#### [Exercise description]
Retype the material that follows exactly, limited to the lines from the one with "Serena Williams shimmers" through the one with "Nhl Colorado Avalanche", and keep out all pictures.

#### [Information provided]
● ● ● ● ●

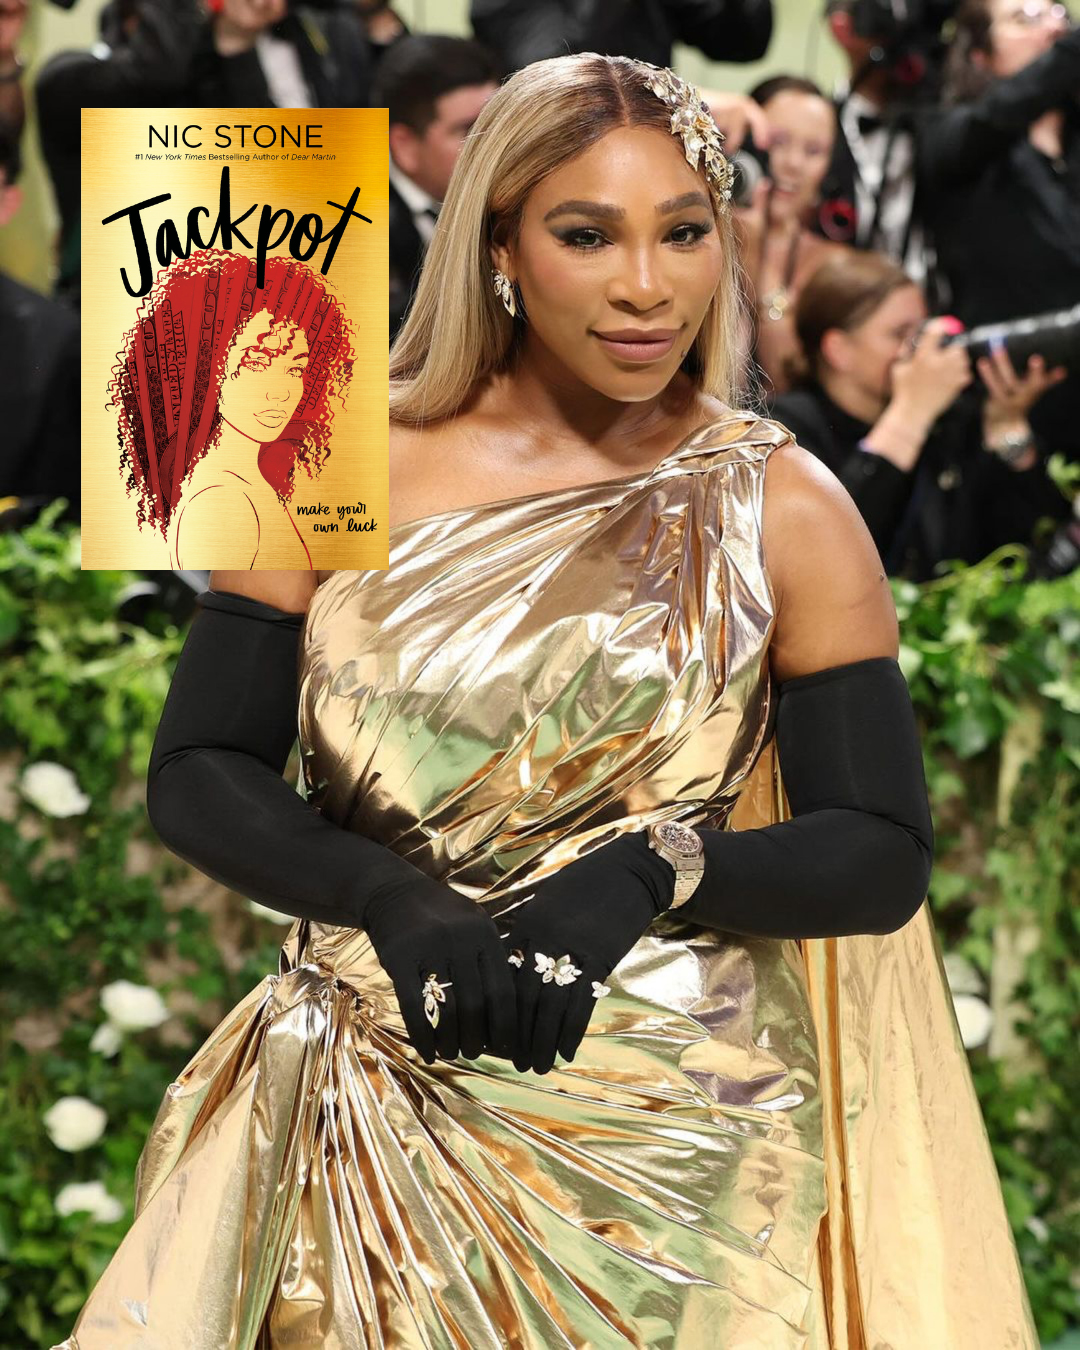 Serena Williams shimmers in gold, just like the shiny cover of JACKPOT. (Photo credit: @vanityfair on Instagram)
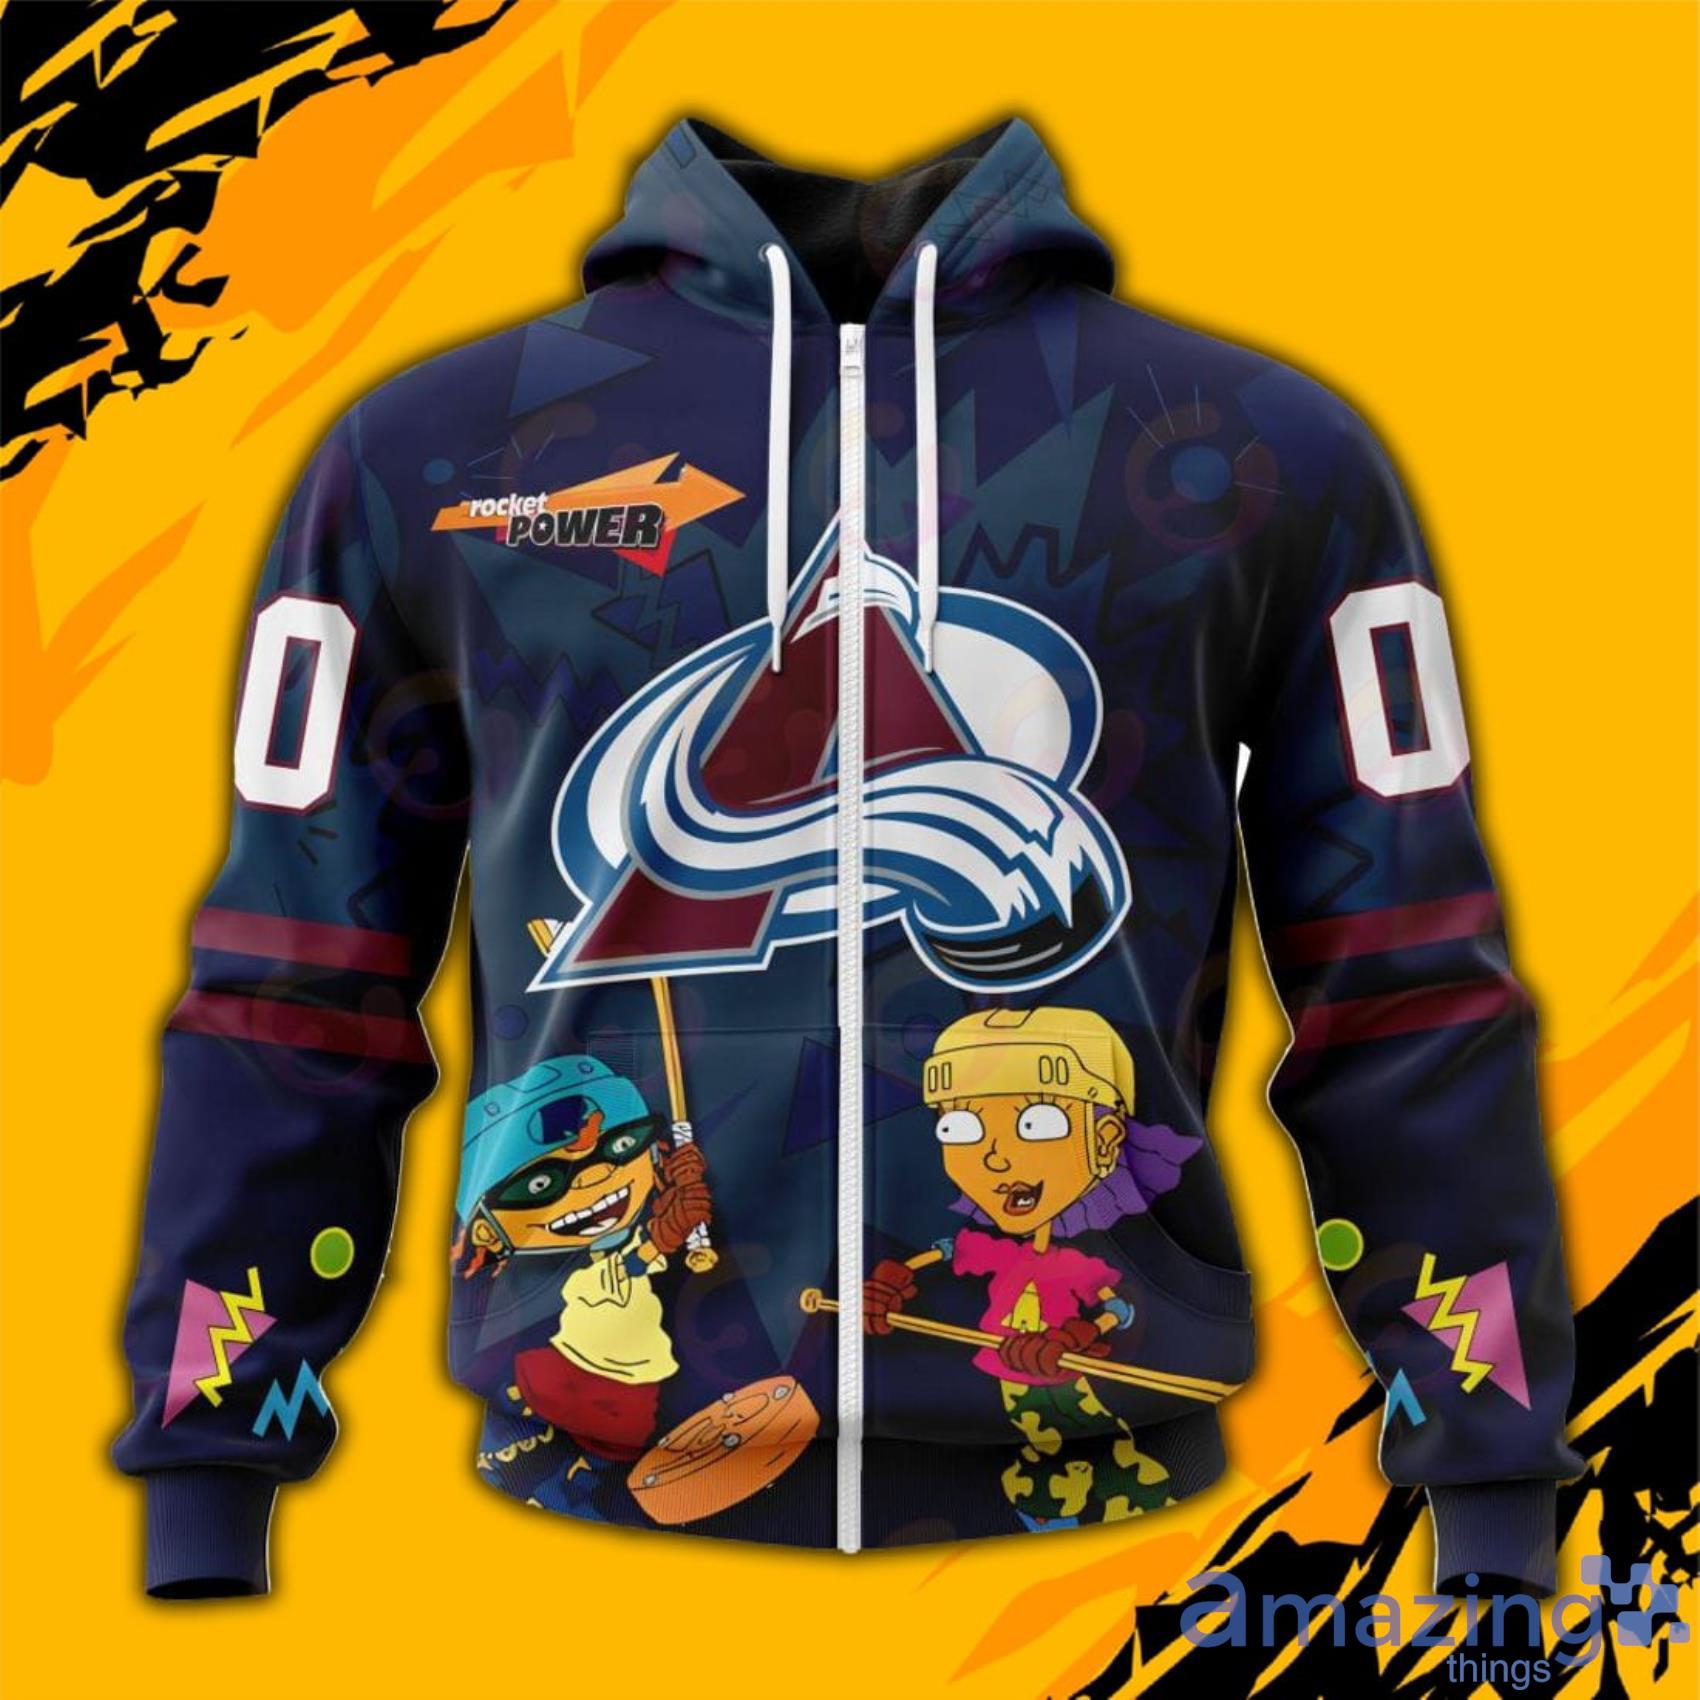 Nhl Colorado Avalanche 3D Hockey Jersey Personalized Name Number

● ● ● ● ●

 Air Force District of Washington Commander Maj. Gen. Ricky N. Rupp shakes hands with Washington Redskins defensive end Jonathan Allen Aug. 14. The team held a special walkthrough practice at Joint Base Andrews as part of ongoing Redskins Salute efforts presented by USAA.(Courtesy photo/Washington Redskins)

● ● ● ● ●

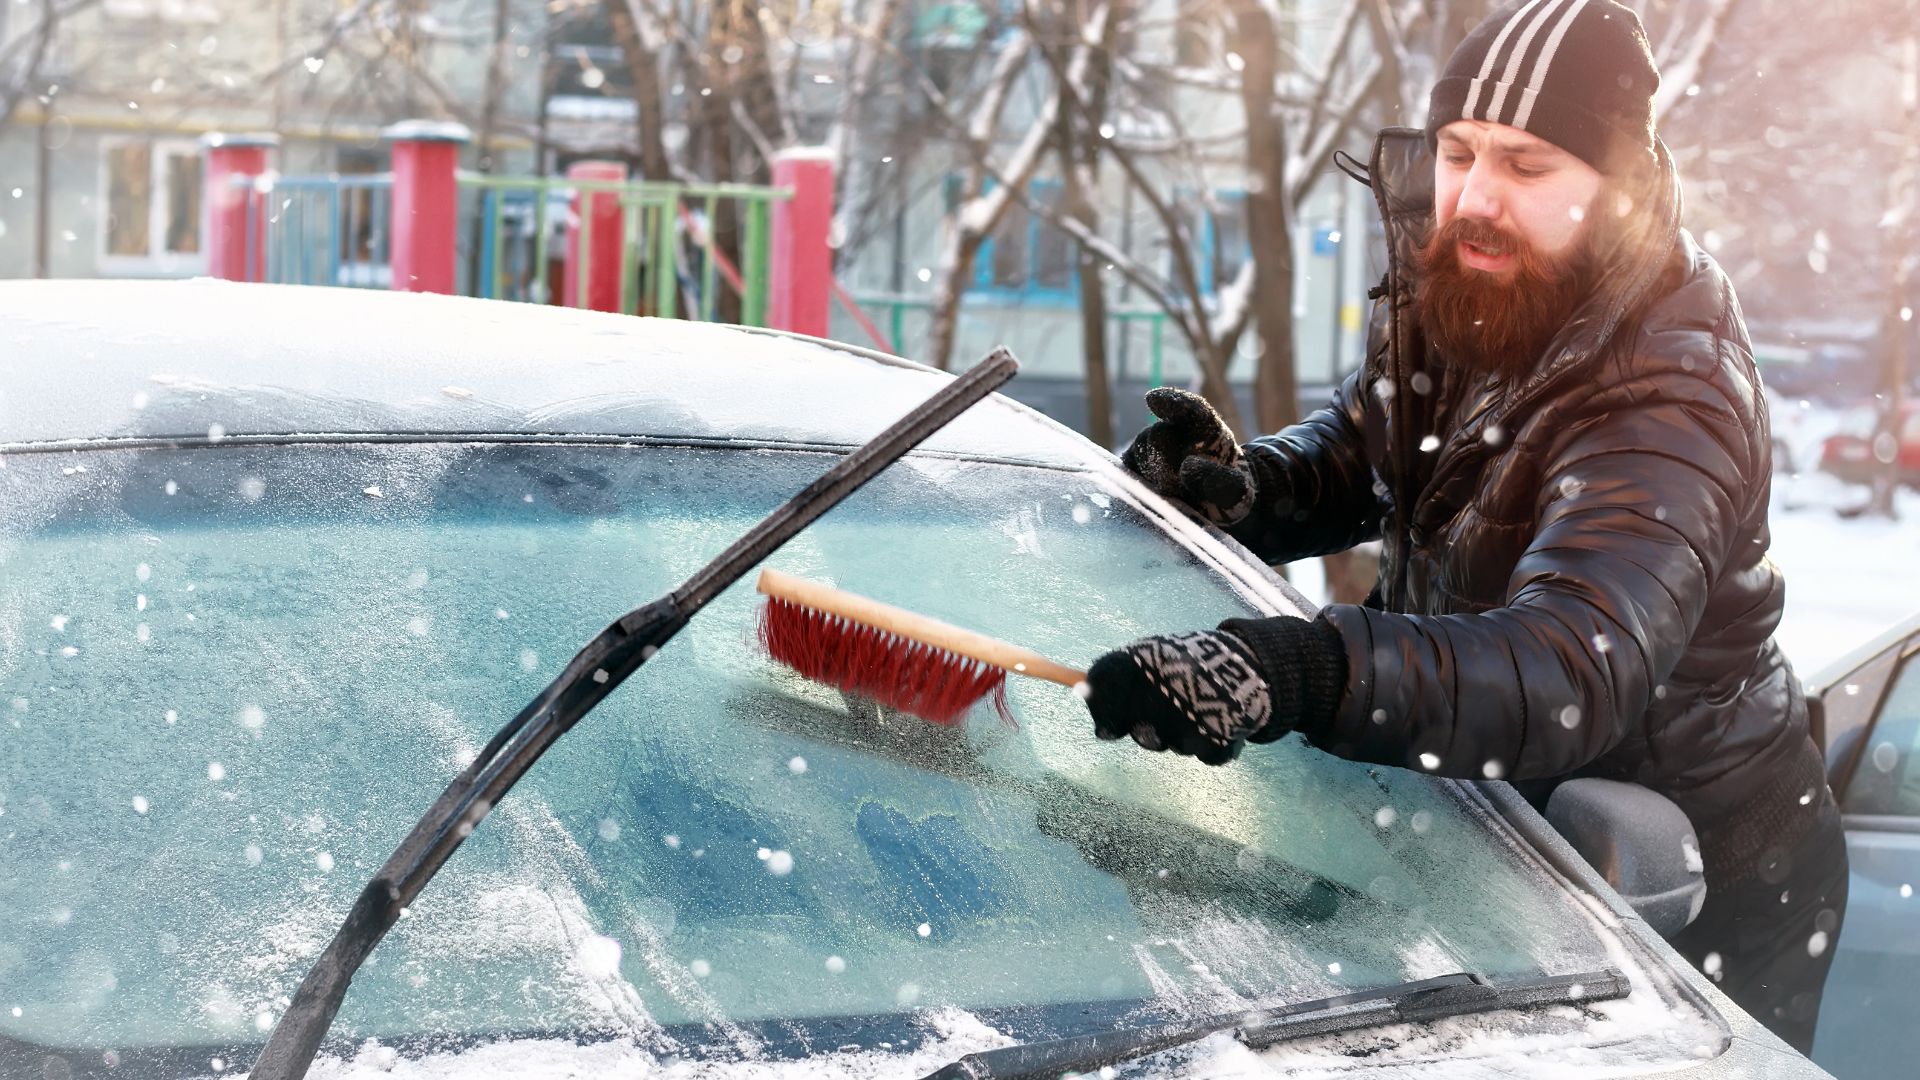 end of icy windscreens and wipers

● ● ● ● ●

#### [Answer section]
 Serena Williams shimmers in gold, just like the shiny cover of JACKPOT. (Photo credit: @vanityfair on Instagram)
 Nhl Colorado Avalanche 3D Hockey Jersey Personalized Name Number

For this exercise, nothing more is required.